Agenda item

Questions to Portfolio Holders, if any

Minutes:

Question from Councillor Gledhill:

 

Q1. What is the Council’s policy on the use of bailiffs in relation to Council Tax matters?

 

Response from Councillor Ralphs, Leader of the Council:

 

“The Council has a statutory duty to undertake recovery action for non-payment of Council Tax in line with the Council Tax Administration and Enforcement Regulations 1992 (as amended) and takes a firm but fair application of the legislation in order to maintain income receipts to fund essential front line services.

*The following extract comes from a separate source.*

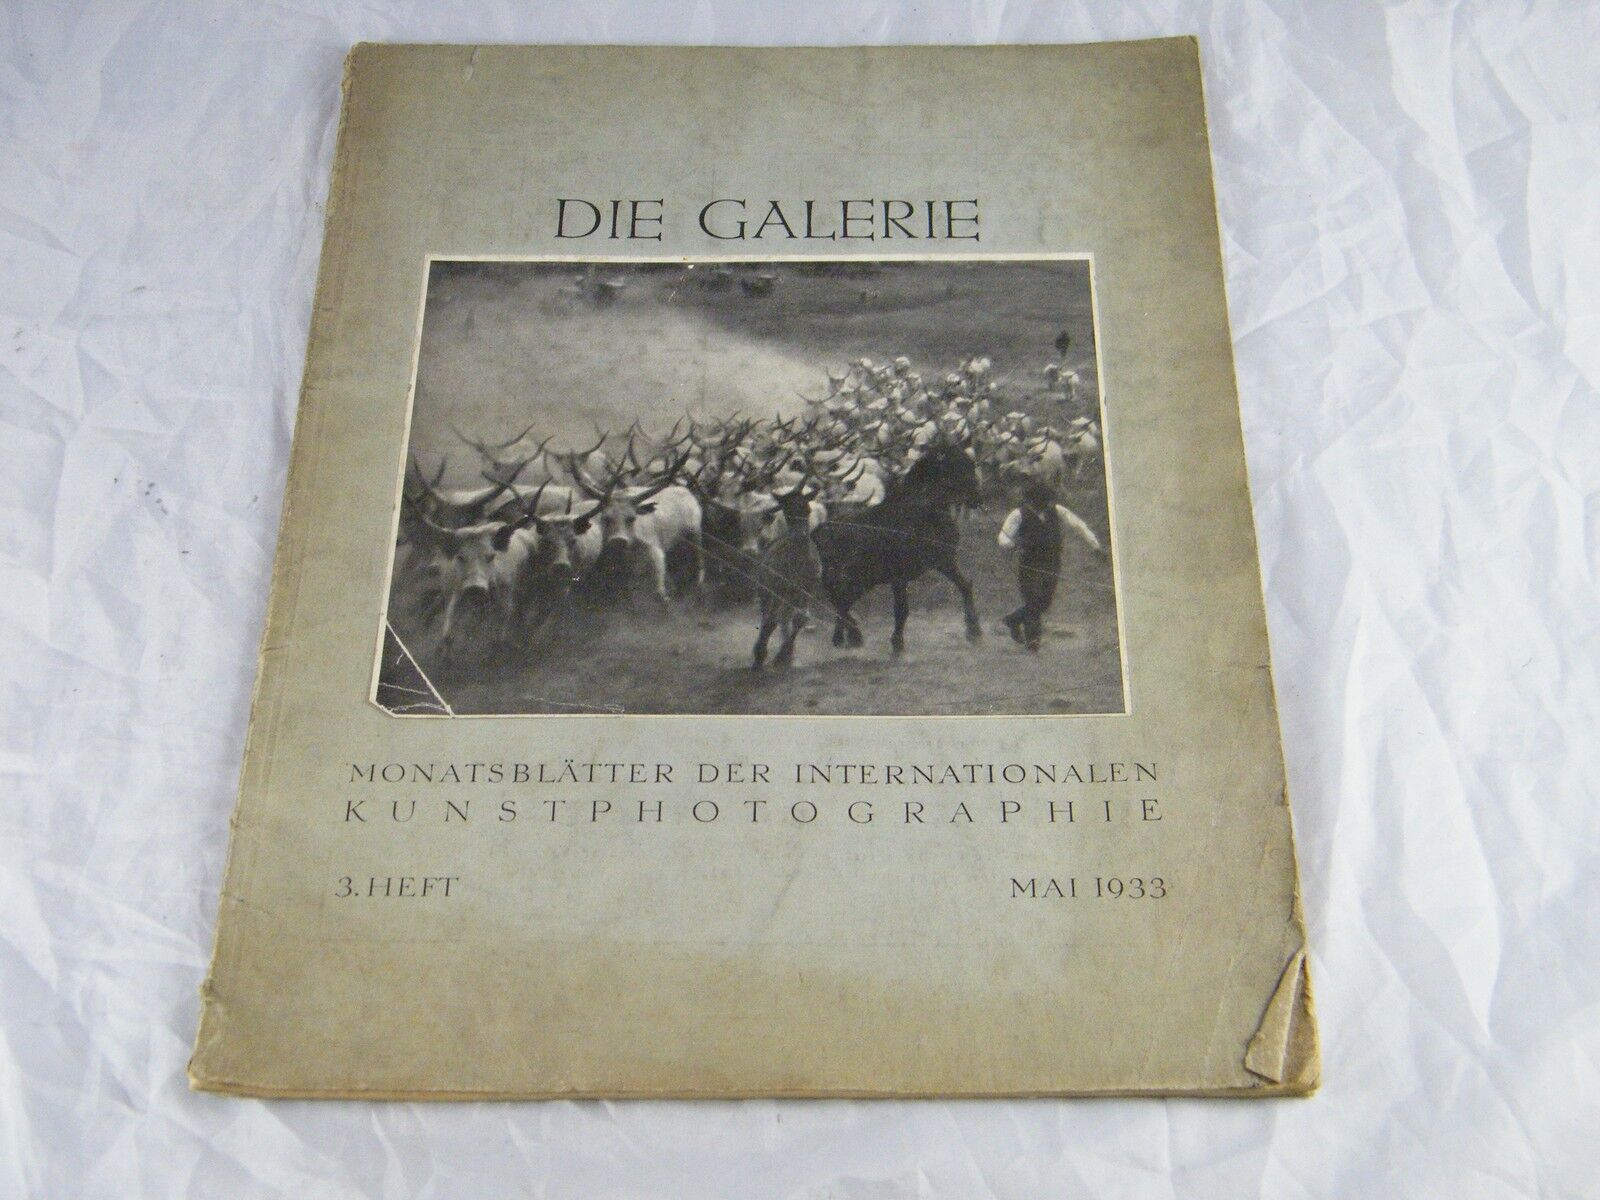 1933 DIE GALERIE MONATSBLATTER DER INTERNATIONALEN KUNSTPHOTOGRAPHIE

Prior to Enforcement Agents being engaged, there are a number of steps which are taken.   These include reminder notices, final notices and summons.   At each of these stages, we encourage customers to make contact with the Council in order to discuss their Council Tax account and establish a payment arrangement.  During the Coronavirus pandemic, the Council issued an informal letter (prior to reminder notice) as an additional step with signposting to external agencies who can support with financial hardship, recognising the impact COVID-19 may have had on households.  The Council also provides options to pay Council Tax in instalments over 12 months (rather than 10) and a choice of three payment dates if paid via Direct Debit.

If recovery gets to summons stage and a liability order is awarded at Court, this secures the debt and provides additional steps to take enforcement action.  Where possible, the Council explores the use of attachment of earnings/benefits – which results in a weekly reduction (amount in line with regulations based on amount earned) from salary/benefits.  At the point all other recovery options have been exhausted, the Council would then consider passing the account to Enforcement Agents.   However, where the Council is aware that the customer is vulnerable, further action is taken internally to avoid where possible, the account going to the Enforcement Agent.  However, if no other way of collecting the debt has been secured, it may be passed on as a separate upload and the Enforcement Agent would be informed of the possible vulnerability.

 

Enforcement Agents operate in accordance with the Human Rights Act 1998, Equality Act 2010 and Taking Control of Goods Regulations 2014.  Even when an account is passed to Enforcement Agents, we request them to issue a ‘pre-compliance’ letter – there is no requirement to issue this under regulation, but it provides an opportunity for the customer to make contact and agree an arrangement prior to any fees being added.   The Enforcement Agents are required to identify any vulnerabilities (which the Council may not have been aware of) and have specific welfare and safeguarding teams established and work alongside support organisations which provide debt advice.  Where vulnerable customers are identified Enforcement Agents would notify the Council and the account may be returned.        

 

The Council are looking at working more closely with the Citizens Advice Bureau (CAB) with a view to signing up to their Council Tax Protocol which encourages the Council, Enforcement Agencies and the CAB to work in partnership to support those in genuine financial hardship.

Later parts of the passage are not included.